The film’s conservative streak continues in a heartfelt scene between Lynsey and her brother who is incarcerated. Again, the performances here are stunning. But having a deaf addict say that being in prison is actually better for him is very twisted. Prisons are not rehab facilities. In fact, drugs — often brought in by guards — are rampant in prison, not to mention the other abuses faced by anyone incarcerated and surely exasperated for someone with a disability.
With prison and the military, the filmmakers soften reality in ways that reinforce our society’s most harmful narratives.
Causeway is not the only film coming out this year from A24 about a gay soldier that fails in its attempts at neutrality. Elegance Bratton’s semi-autobiographical, The Inspection, aims to show the abuse faced by a gay Black man training to be a marine during the Don’t Ask, Don’t Tell era.
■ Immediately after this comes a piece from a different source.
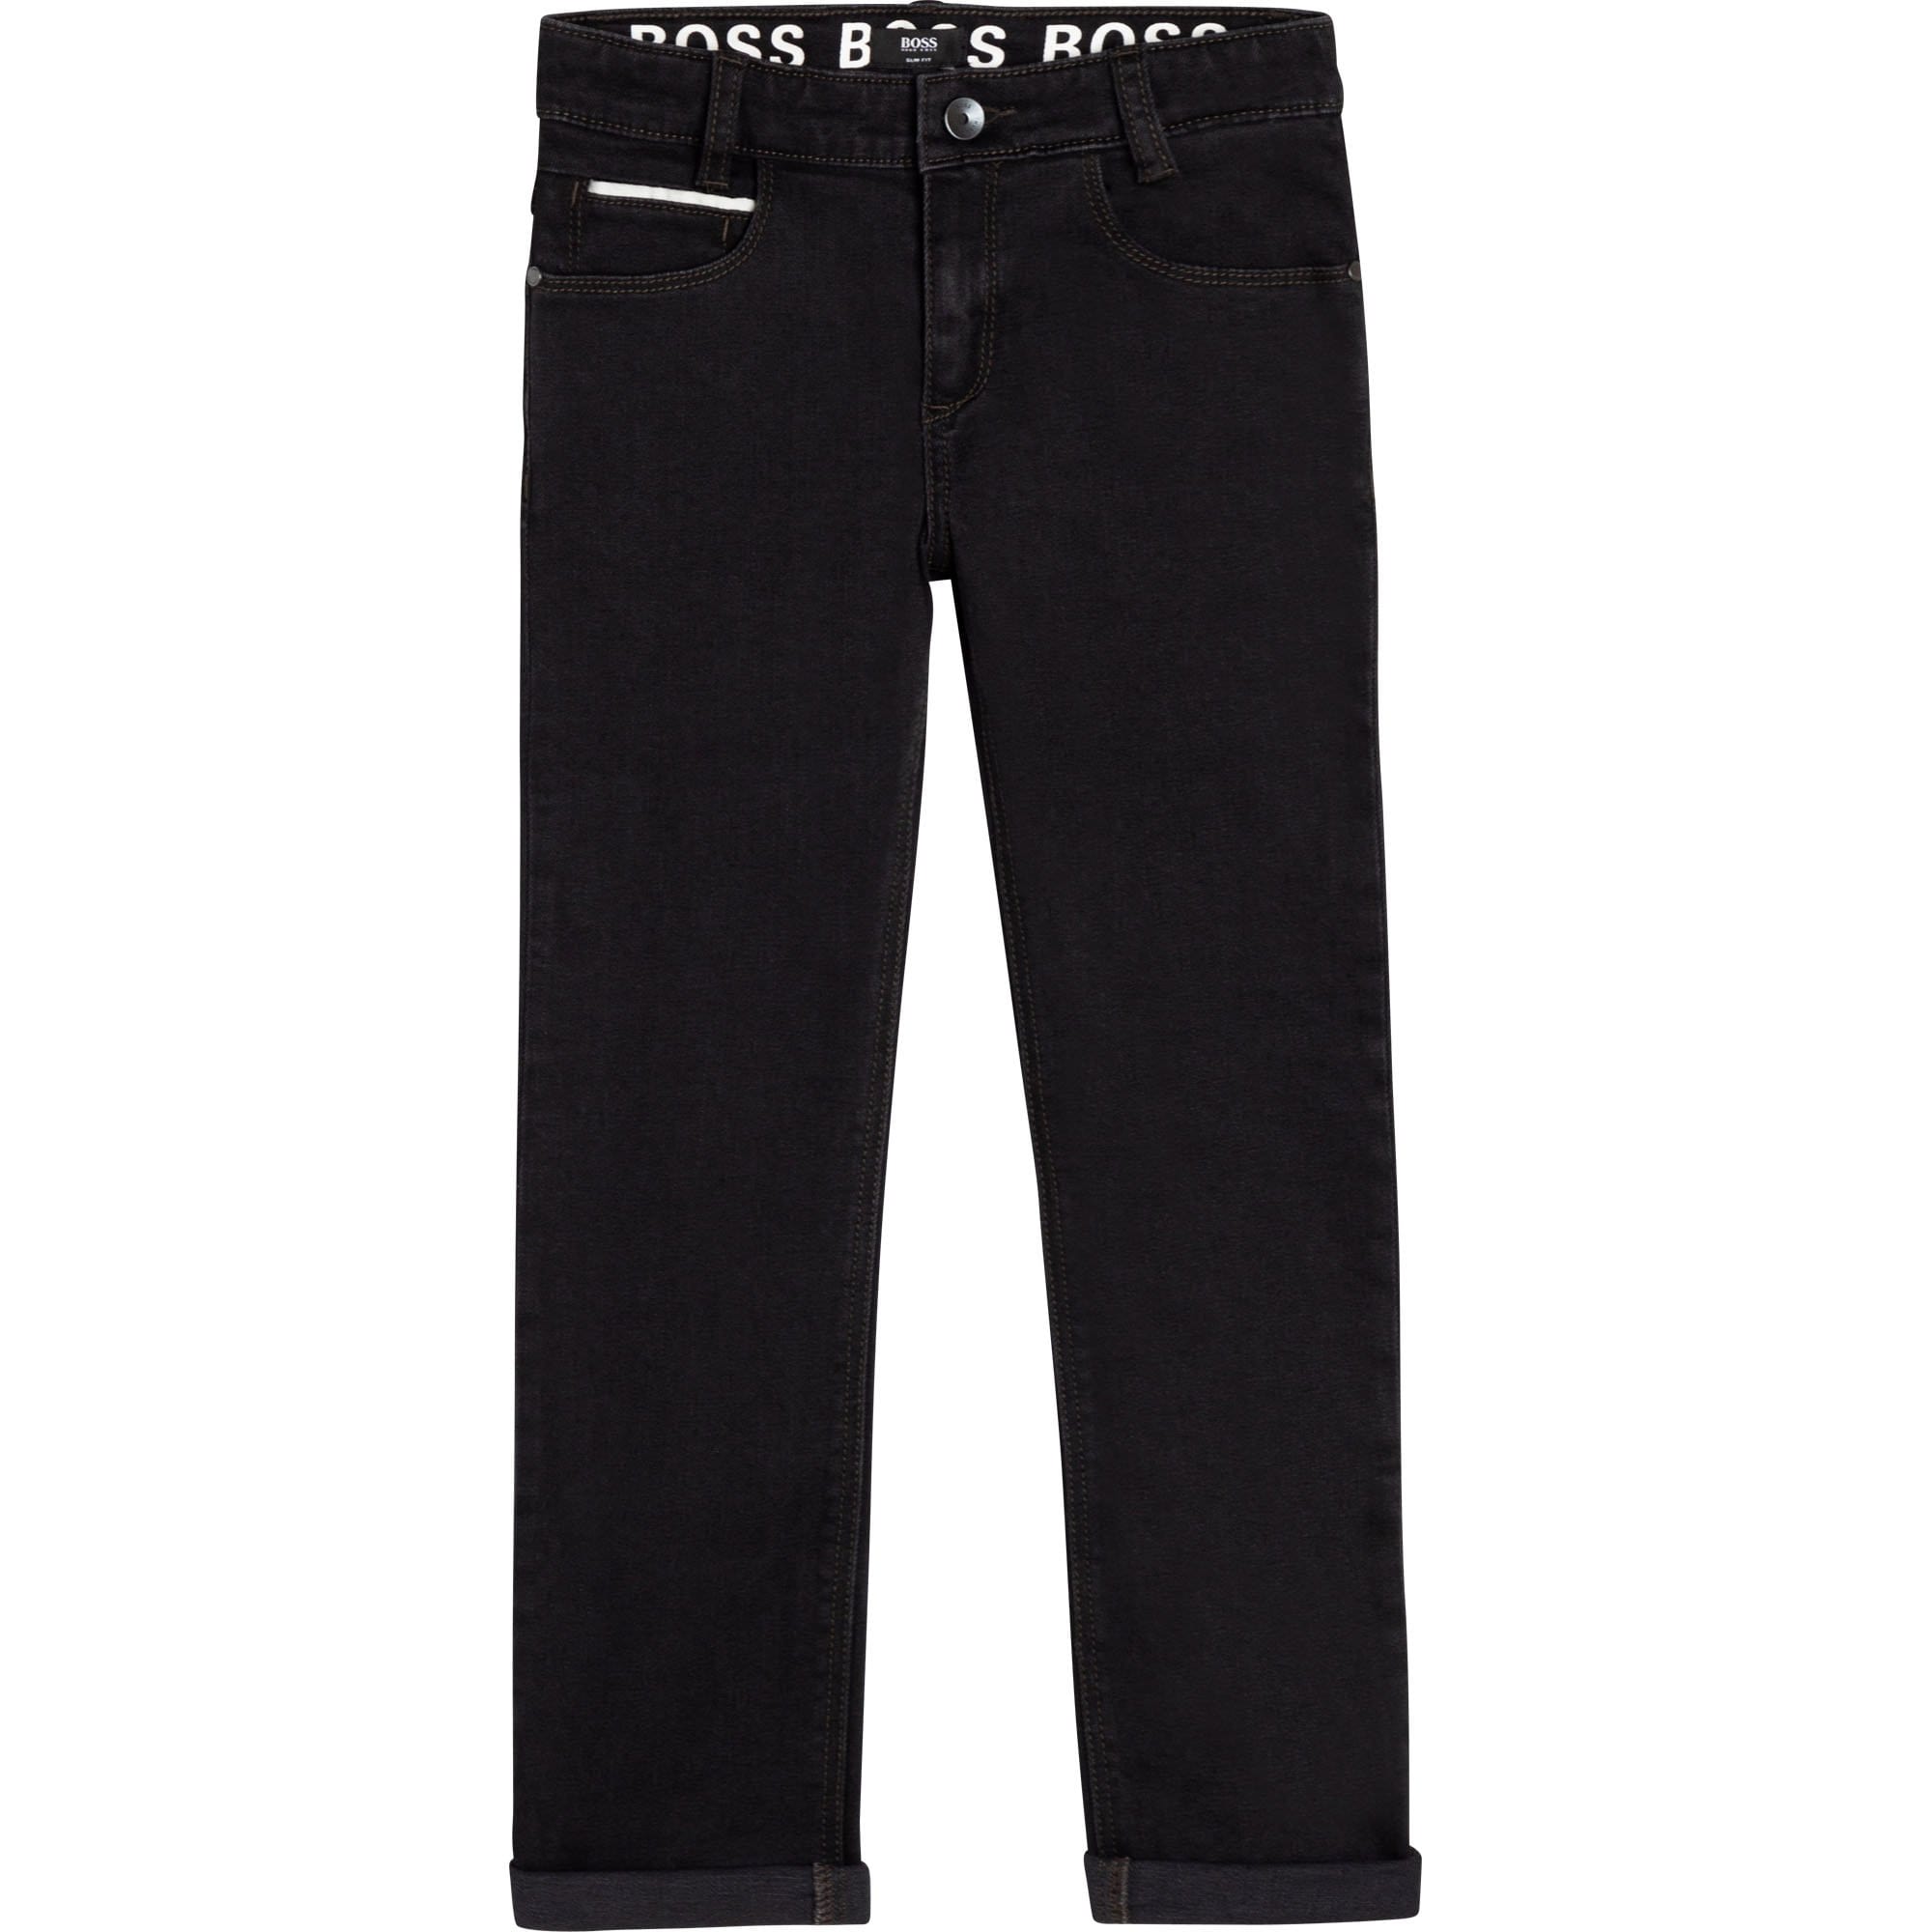 HUGO BOSS - Jeans - Black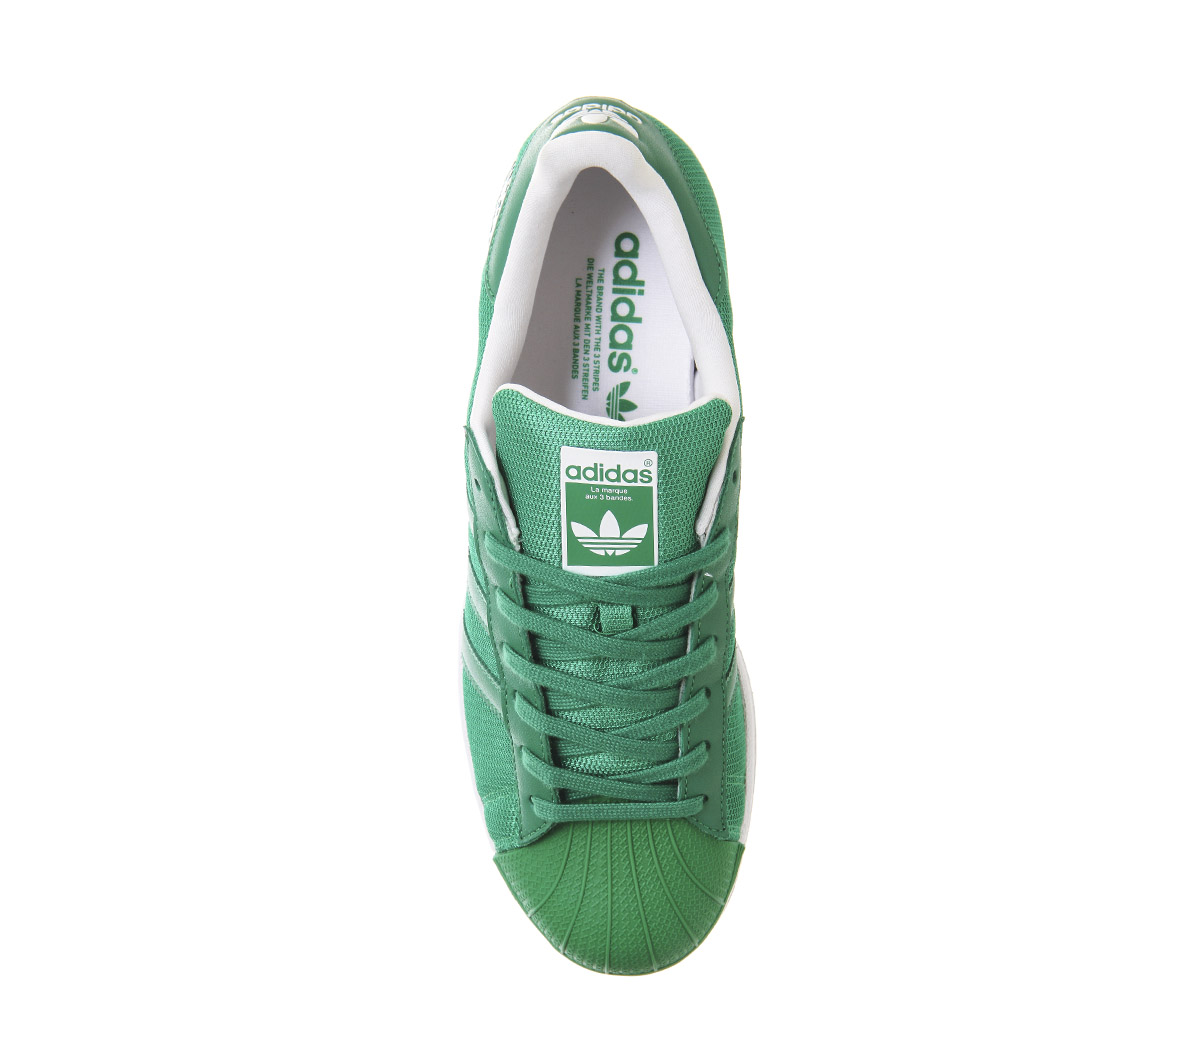 adidas Superstar 1 Green White Beckenbauer Pack - Unisex Sports

The film is honest in its portrayal of homophobia and racism within the military yet never questions the ultimate cause. It’s another film with great performances, another film that seems to reveal the realities of enlistment, another film that suggests these challenges are worth overcoming to support the American military.
Post-Trump, George W. Bush has been allowed an undeserved reevaluation. He’s been shown as a nice, respectable old man who paints. Barack Obama who continued this war — and the war in Iraq that led to at least 184,382 civilian deaths — is celebrated with the same fervor as when he promised to end these wars in 2008.
The stories we tell about the recent past determine our future. If we allow these wars to be reframed through a queer lens, through a hip A24 lens, we will see their errors repeated. We will continue to spend trillions on defense while leaving vulnerable Americans to suffer and die. We will continue to kill and traumatize so many abroad.
It’s difficult to accept that Lynsey’s pain was for nothing, that the pain of so many real people like Lynsey was for nothing, that the deaths of so many more was for nothing. It’s easier to repeat the lie that it was all worth it. But easy storytelling doesn’t result in the best movies and it doesn’t result in the best world.
Causeway repeats the lie and with that lie washes away the possibility of a better movie, a better world.